Tropical coastal communities accommodate critical infrastructure, densely-populated urban regions, tourism-driven economies, and industrial facilities. These communities are prone to multiple flood hazards such as nuisance flooding, tropical cyclones, extreme rainfall events, and sea-level rise (SLR). Thus, governments and stakeholders Are pursuing a range of measures to enhance flood resiliency. These alternatives can be classified into structural (i.e., conventional infrastructure), non-structural, natural and nature-based features (NNBF), and hybrid systems. While there is a large body of published work on coastal risk reduction via conventional infrastructure and NNBF, there is a paucity of information on Hybrid Infrastructure Systems (HIS) in the literature, especially under multi-flood hazard scenarios.
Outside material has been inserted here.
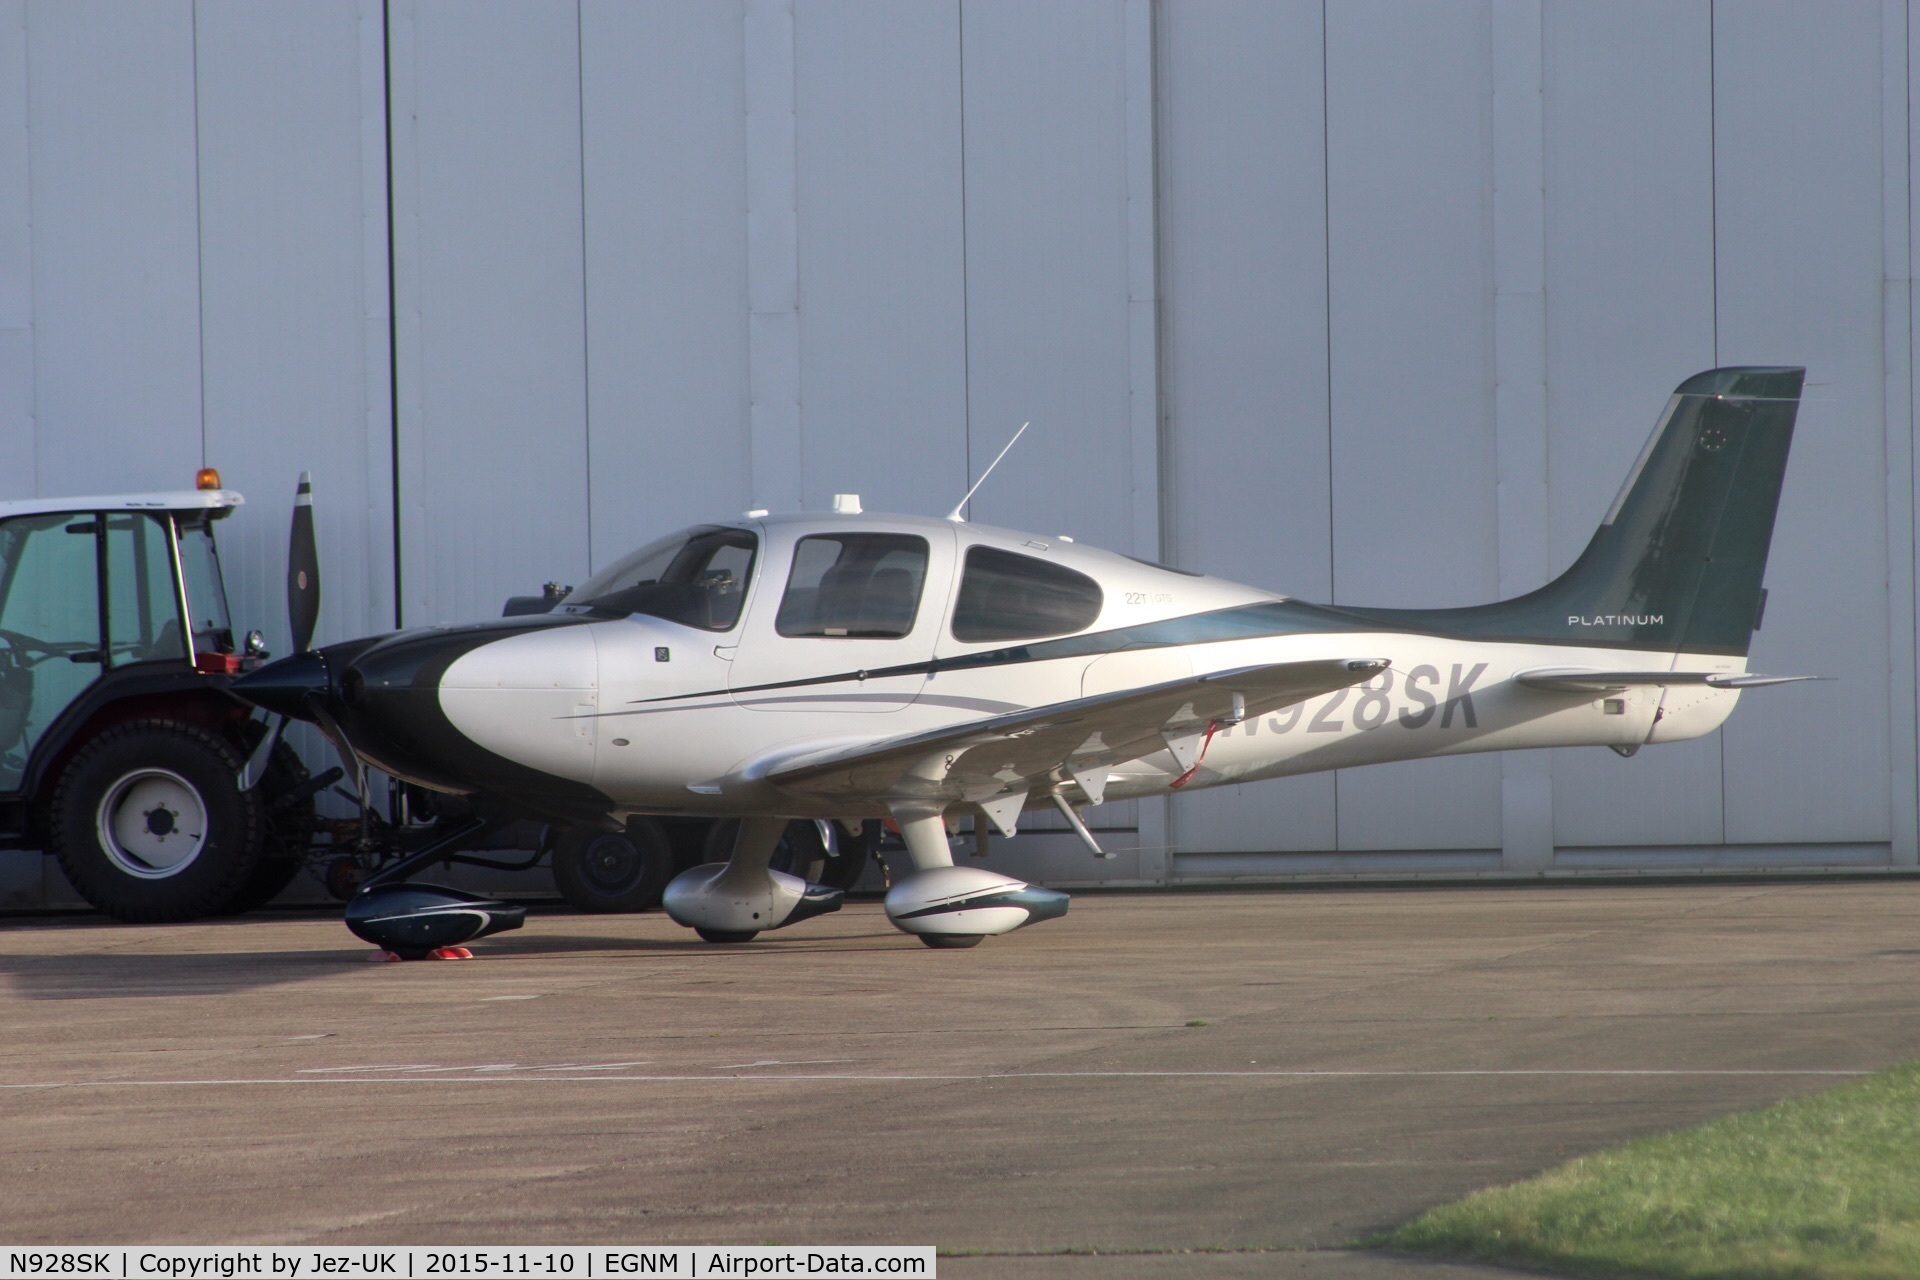 N928SK, 2014 Cirrus SR22T C/N 0928, outside Multiflight hanger at general aviation side of LBA,

This research aims to assess various HIS under multiple flood hazards for flood reduction and wildlife and habitat benefits in the coastal community of Tybee Island (Georgia, US). This community is the most densely populated barrier island in Georgia and receives over 1 million visitors each year. The Interconnected Channel and Pond Routing (ICPR) hydrodynamic model was selected to simulate hydrologic (e.g., rainfall and infiltration) and coastal (e.g., tides, storm surge, and SLR) processes, and various combinations of HIS including several conventional infrastructures (e.g., stormwater drainage system, culverts, pump systems), inland (e.g., bioswales and pocket parks) and coastal (e.g., horizontal levees and retention ponds with smart tidal gates) NNBF. Results show that NNBF can prolong the service life of conventional infrastructure in a HIS by reducing flooding stress on these structures while promoting wildlife habitats and marsh conservation by increasing the hydraulic connectivity in the tidal river system. HIS alternatives were ranked using multi-criteria decision analysis. The local government, residents, and stakeholders will select their preferred alternative for detailed design. Local studies and modeling of multi-hazard flood processes can provide insight into the performance of HIS, thus providing the opportunity to policy-makers and government agencies to improve design standards and permitting procedures for HIS at a regional scale.